What followed were meager attempts at “normal” life. I had a boyfriend. He was a financial adviser who wore suits. Yet my psychosis plagued me. I’ve taken almost every antipsychotic known to man. An expert that insurance didn’t cover told me that I had a high IQ and schizoaffective disorder. At least I could put a name on it. I went back to school – which sprinkled with psychosis and paranoia isn’t easy at all. I had a 45 minute commute and a needy dog and I set myself up for failure.

I found that I really enjoyed alcohol. I loved buying it and drinking it and just not living in my head. I started my sophomore year feeling so confident that I could float. Everyone around me loved me, why wouldn’t they? If I wanted to sleep with someone I would, and I did. My thoughts ran in circles, and I stayed up nights awake and alert at all hours. Yet the psychosis came, and it stopped my barreling train for a second and brought me back into treatment.

When I got there I was told that I was having a manic episode. I was shocked. A kind nurse, who I recognized from my many past visits sat down with me and gave me what she called a Big Book. She told me that I’ll never be alone because alcoholics, like me have support through Alcoholics Anonymous, if they so choose to use it. Depression and mania respectively, wreaked havoc on me, as well as those I cared about. That, after my mind stopped racing and boosting my confidence, was hard to face.

It took me a long time, but I was finally correctly diagnosed in November, with Bipolar disorder, type 1. I’ve been in treatment ever since. I am in treatment now, the where doesn’t matter,  but they why does. I’m bursting to get out but still falling apart at the seams. Mania and depression are vastly different, and the “me” that I am in both moods is remarkably opposite. It’s hard to be socially anxious when I can remember other times that I was maybe not socially anxious enough. It’s out of my control. I control my medication compliance, therapy work, and sobriety.

The name of this blog is “I am Alice today.” I’ve learned that my many sides, moods, ideas, and tendencies all make up the person that I am.
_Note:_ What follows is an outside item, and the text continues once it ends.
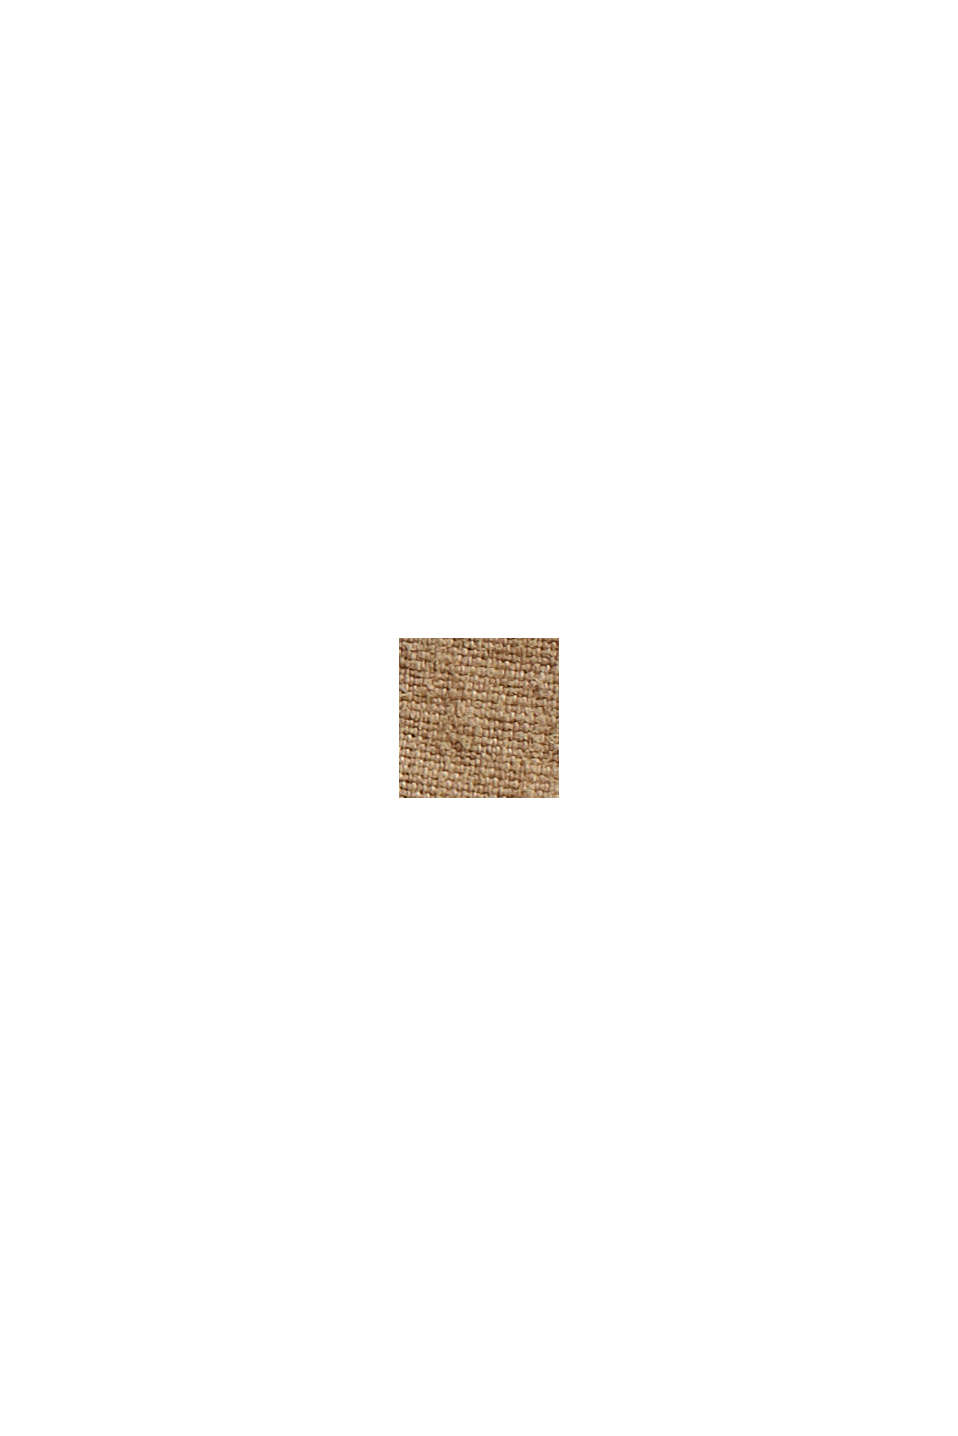 Hampamix: Shorts med paperbag-linning, SAND, swatch
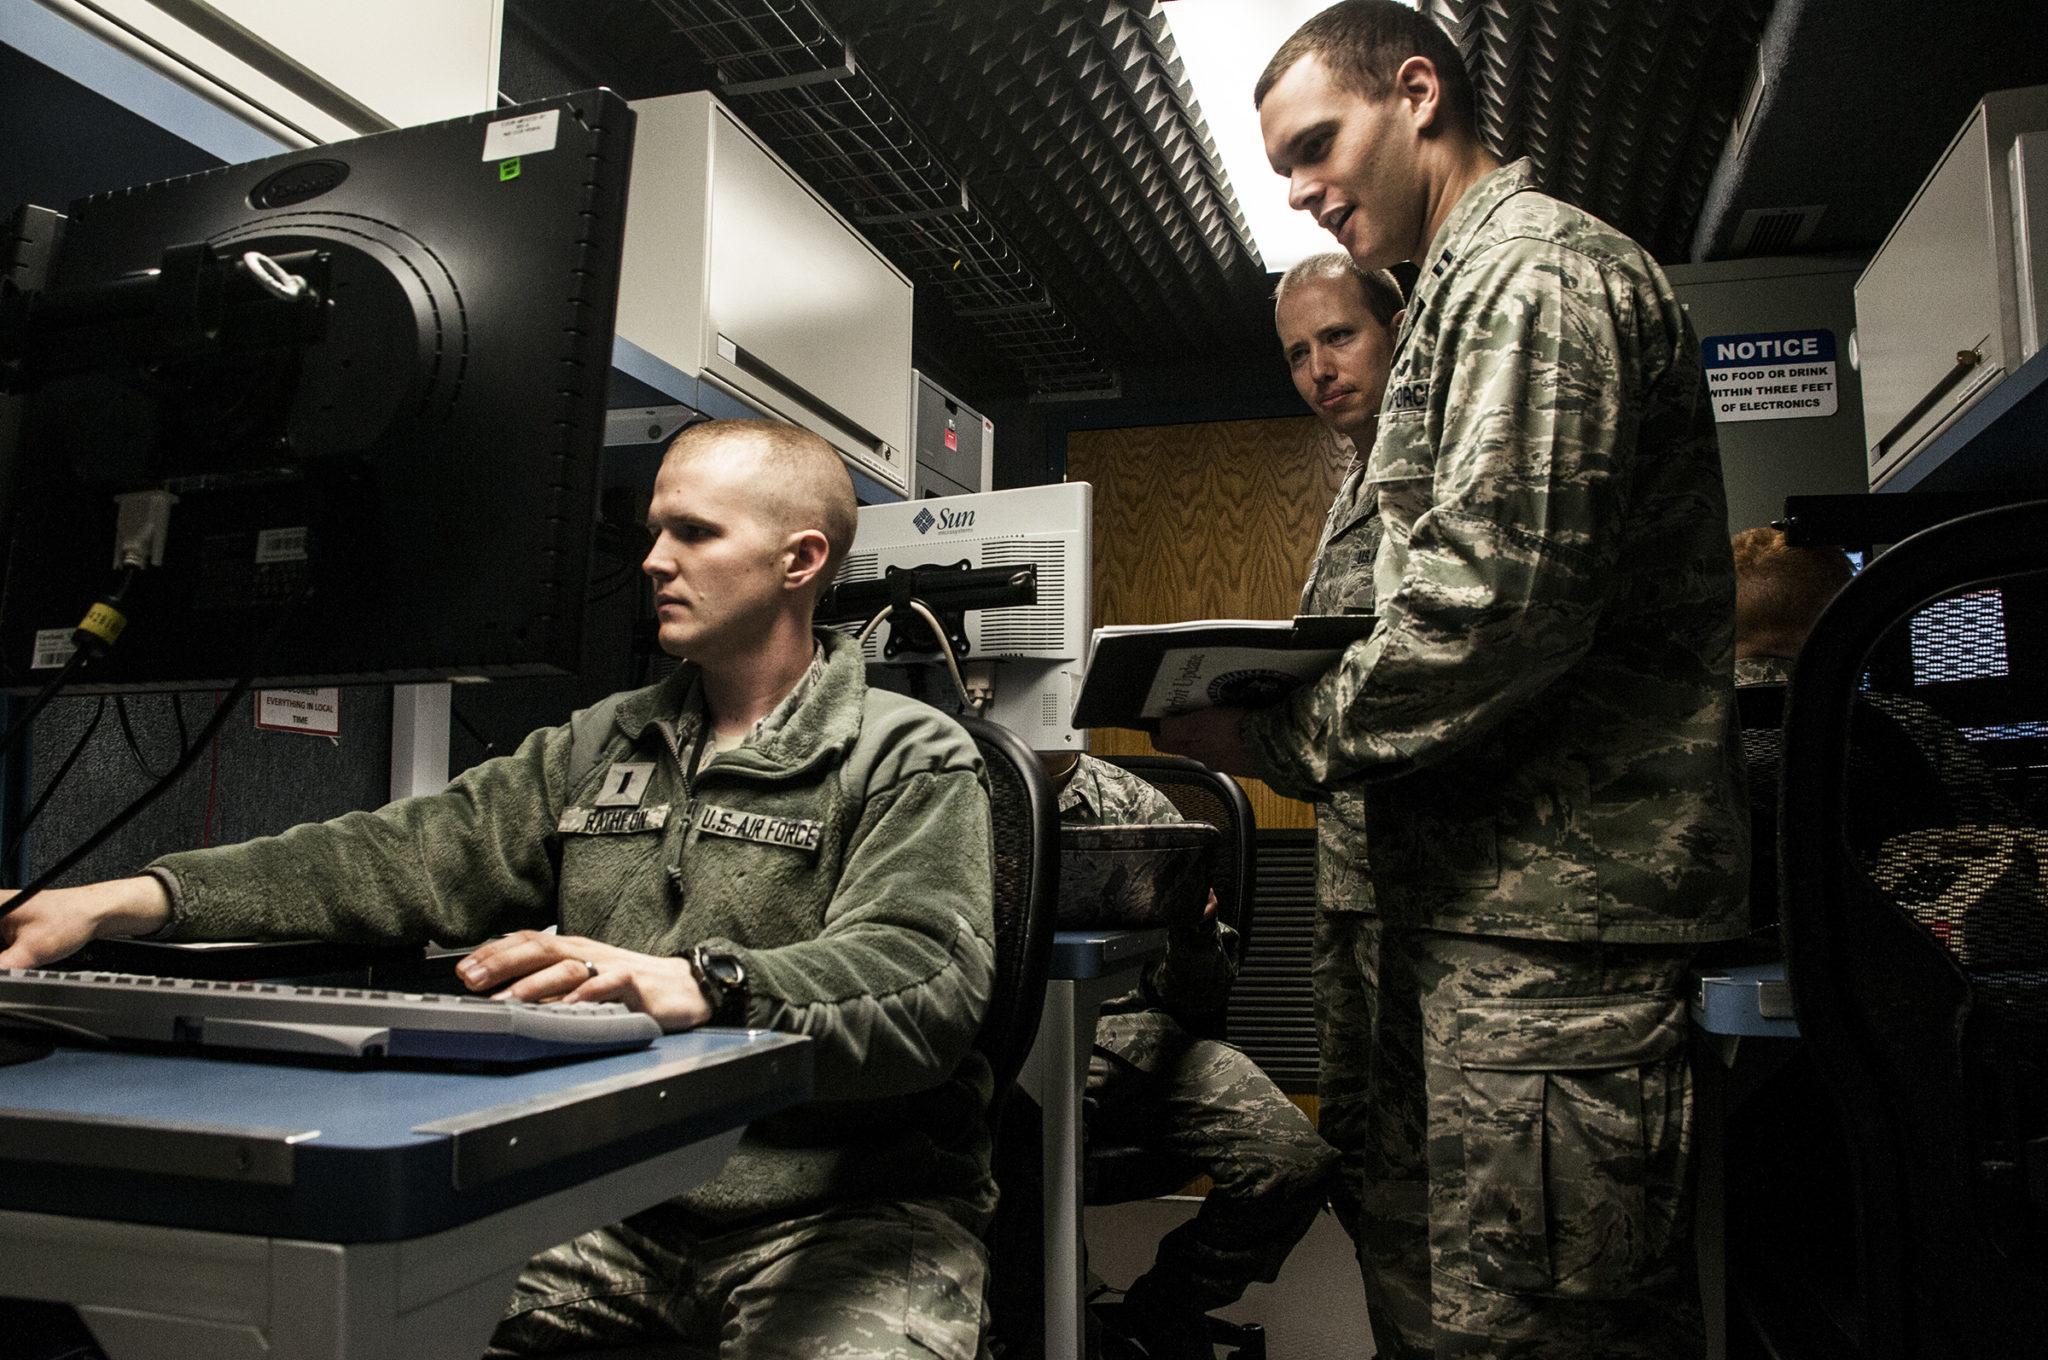 USAF Air Force SMC

I’m not just a young adult without parents, or a person struggling with Bipolar disorder, an alcoholic or a writer. I am Alice, and when my cell phone alarm goes off every morning, I inevitably snooze it, but I titled the alarm “I am Alice today.” I want to be reminded from the first minute of the day, that I’m a person and not a label.

This blog is going to consist of my general reflections, memories, funny, happy, and sad, ideas and musings. I am not an authority on anything and don’t purport to be. I know I’m privileged, and I know I have opportunities, especially in terms of mental health treatment, that many don’t. Yet, all I can speak to are my experiences. Situations are different but emotions at least in my experience are universal. I will not use this as a platform to spread my political views, there is so much of that already out there. Feel free to reach out to me, I want to hear your voices and learn what makes you yourself too.

Thanks everyone – welcome to my space.